La noble lucha que sostienen los trabajadores de las diferentes plantas de Alcoa muestra cómo la clase obrera gallega no está dispuesta a abandonar sus últimos modos dignos de vida antes de la emigración, la precariedad o el desempleo. Esta larga década ha sembrado la rabia entre las familias trabajadoras. Antes de la pandemia, el PPdeG recogía sus peores tempestades bajo el clamor de las movilizaciones masivas del feminismo gallego, el rearme de la lucha sindical, el hartazgo de las enfermeras precarias y la combatividad de la juventud. La crisis en ciernes radicalizará aún más a amplios sectores de la población, augurando una legislatura intensa en lucha de clases. 

Quizá uno de las mejores factores para conocer la radicalización de la clase trabajadora en Galiza es el crecimiento del sindicalismo más combativo, representado por la nacionalista CIG. Ésta ha conseguido por primera vez en su historia ser la primera fuerza en número de delegados, desbancando a UGT y CCOO. Asimismo cada vez tiene más representación en sectores clave como sanidad y educación no universitaria. 

También cabe destacar el ejemplo de la comarca de Verín (Ourense), que se ha convertido en el estandarte de la lucha contra Feijóo. Ante el anuncio del cierre del paritorio comarcal se celebró una manifestación de 10.000 personas que tumbó la resistencia de la Xunta, obligándola a reabrir el centro. En dicha movilización se fusionaron perfectamente la lucha contra los recortes con las demandas del feminismo gallego, que convocó movilizaciones de apoyo en toda Galiza. 

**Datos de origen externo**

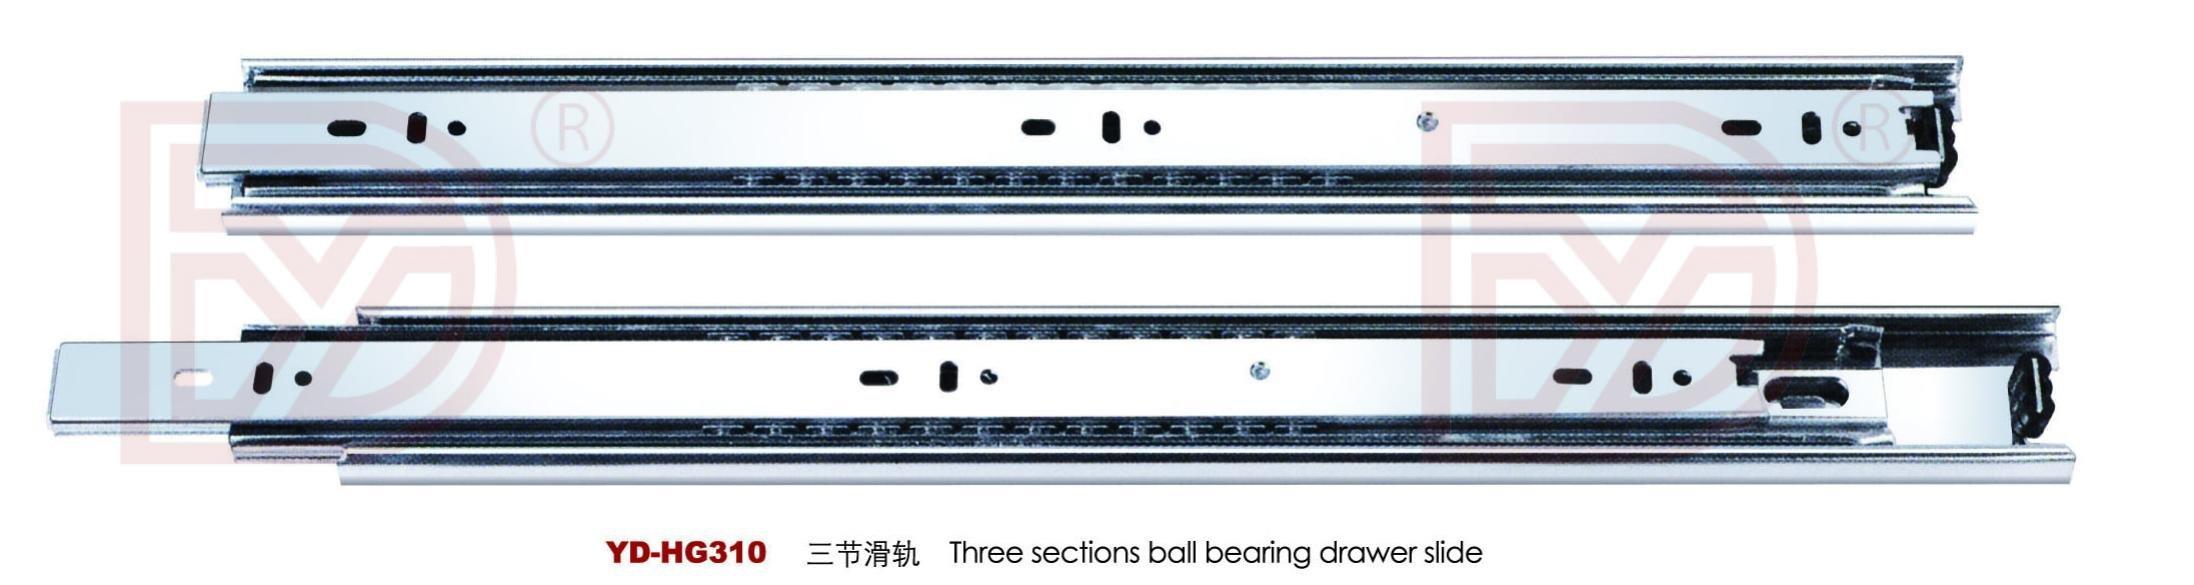 Chine Fabricant Telescopique Ikea Tiroir Diapositives Id De Produit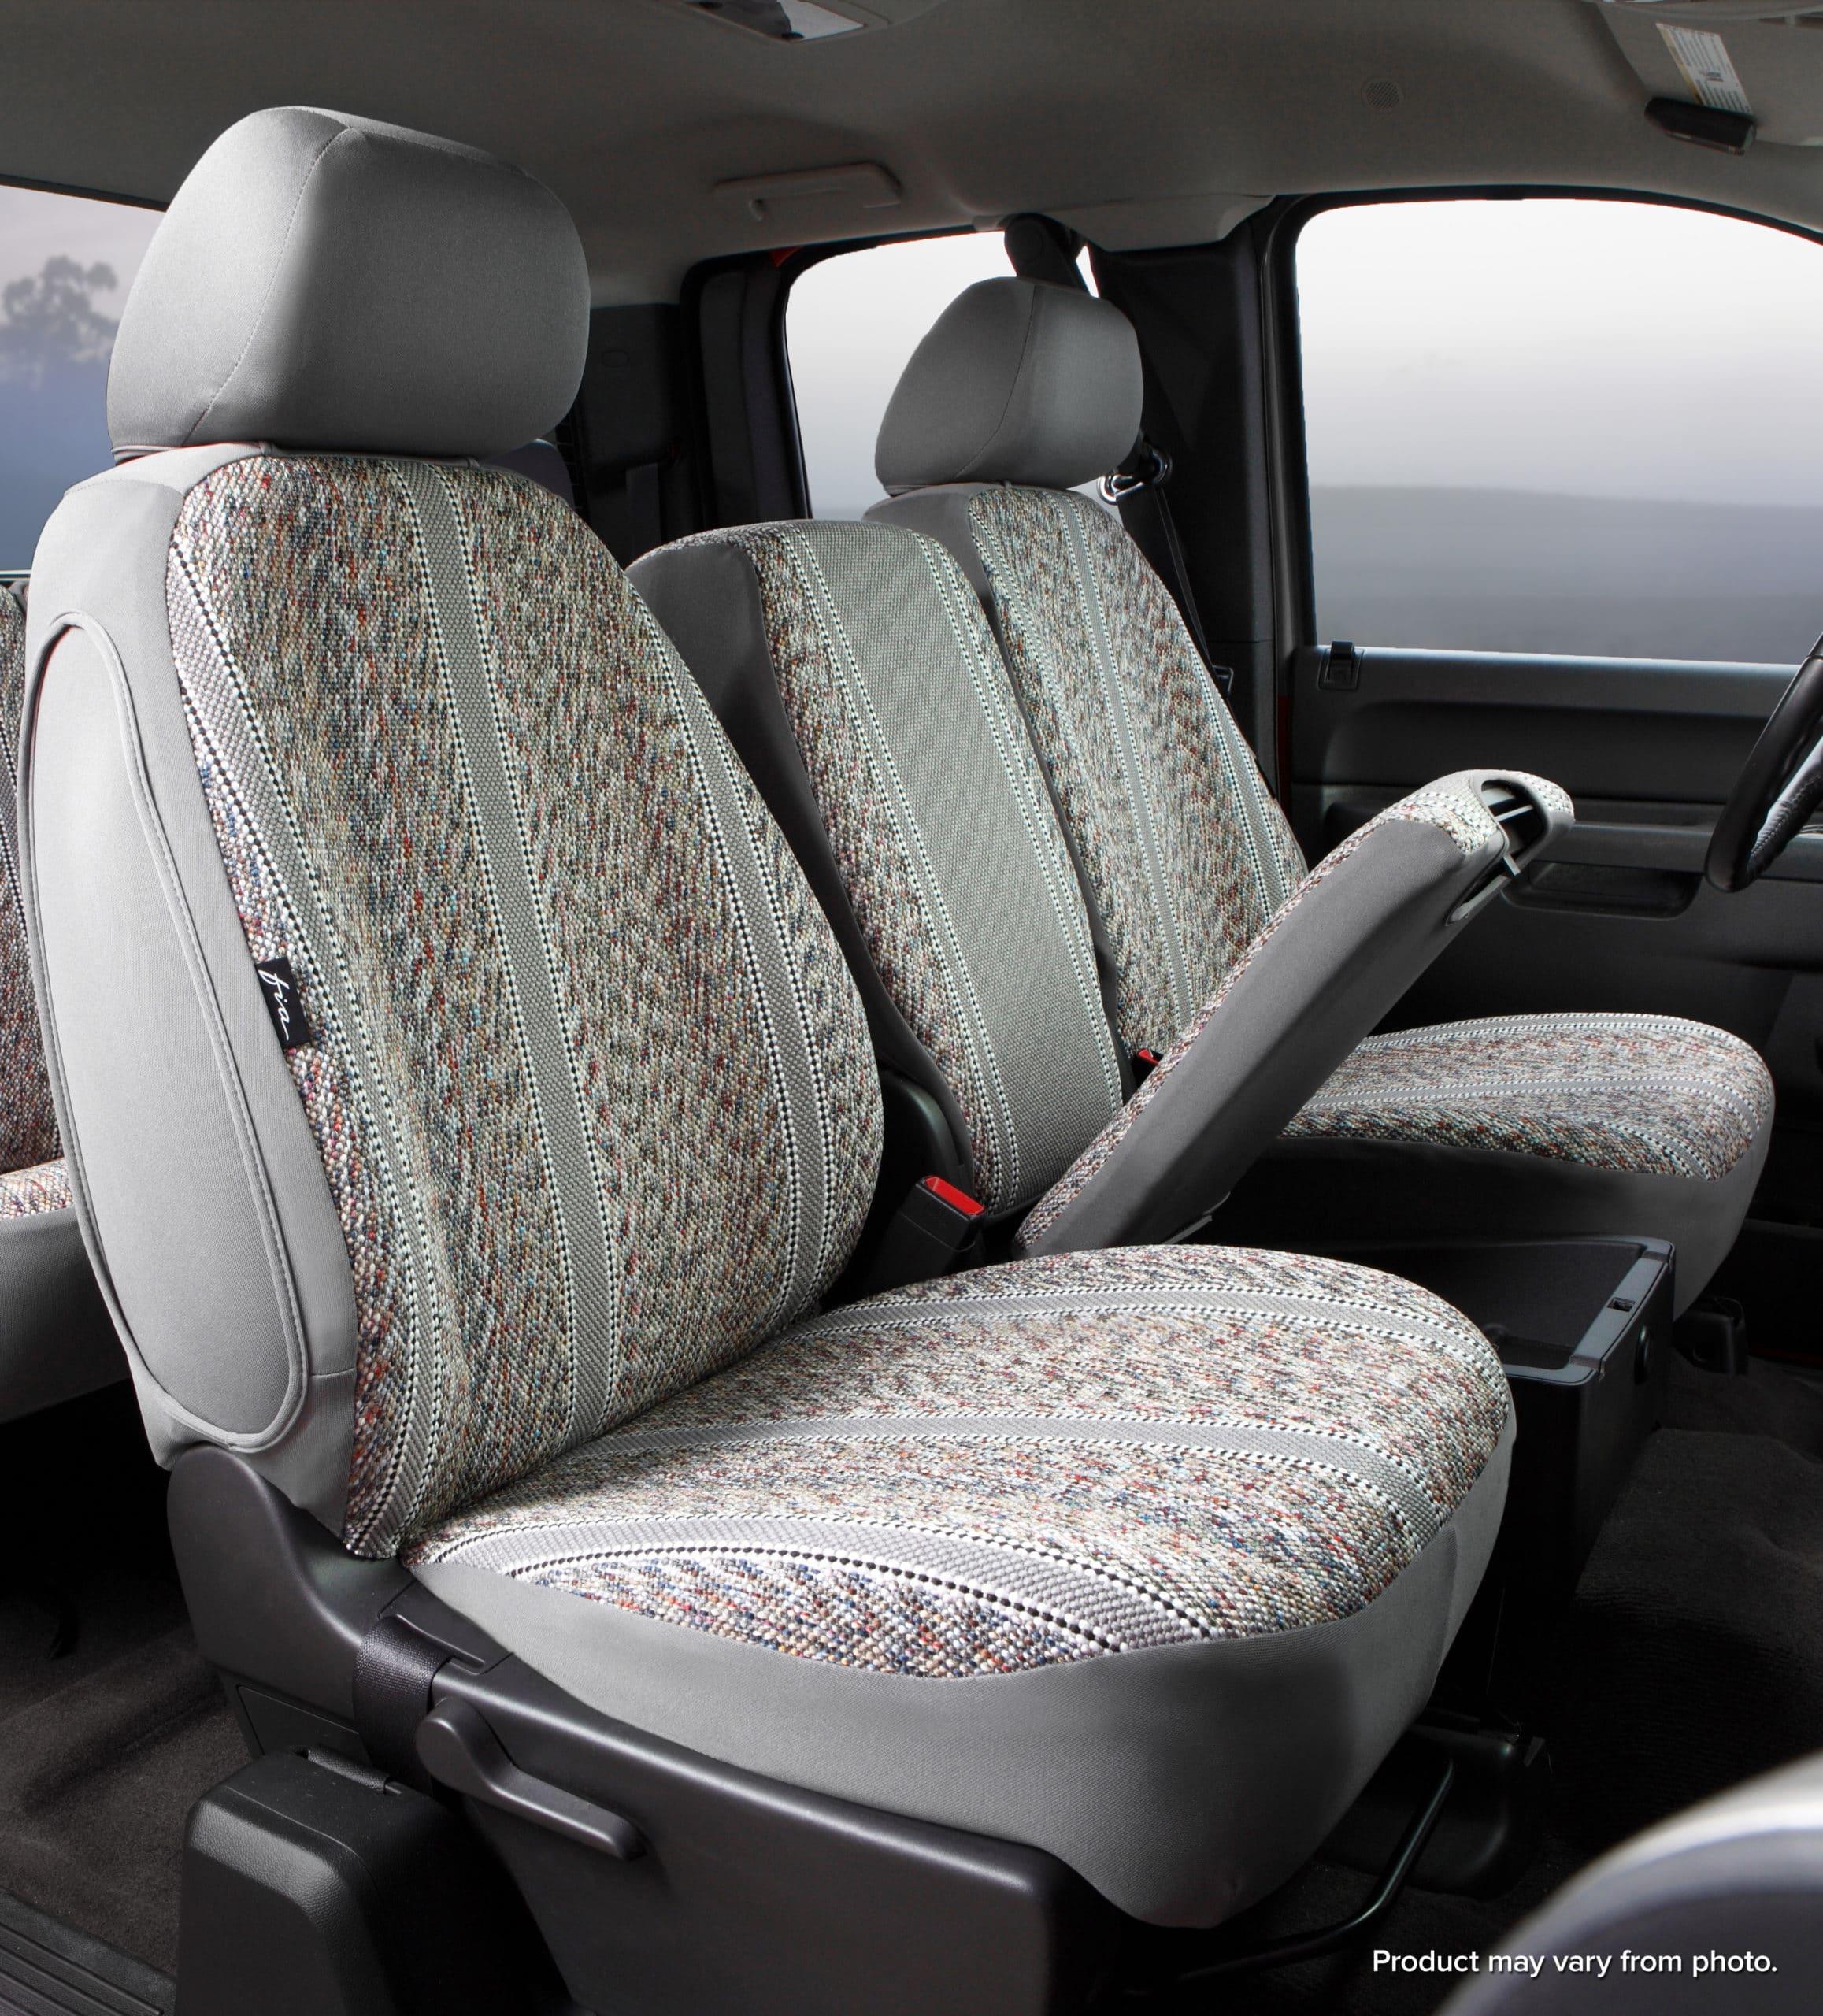 Fia Original Wrangler Seat Covers - Gray - Front Seats

La lucha de Verín es uno de los tantos faros que alumbran el camino para echar a Feijóo, que no pasa sólo por las urnas. Si finalmente éste se alza con la mayoría absoluta, tendrá que gestionar una crisis económica mucho mayor que la de 2008. La mejor receta para echar al PPdeG de la Xunta son movilizaciones masivas de todos los movimientos sociales contra sus recortes, que eleven la conciencia y tumben las contrarreformas llevadas a cabo. El partido de izquierdas que entienda este descontento y sea capaz de liderarlo en las calles tendrá la llave para derrotar a Feijóo de una vez por todas.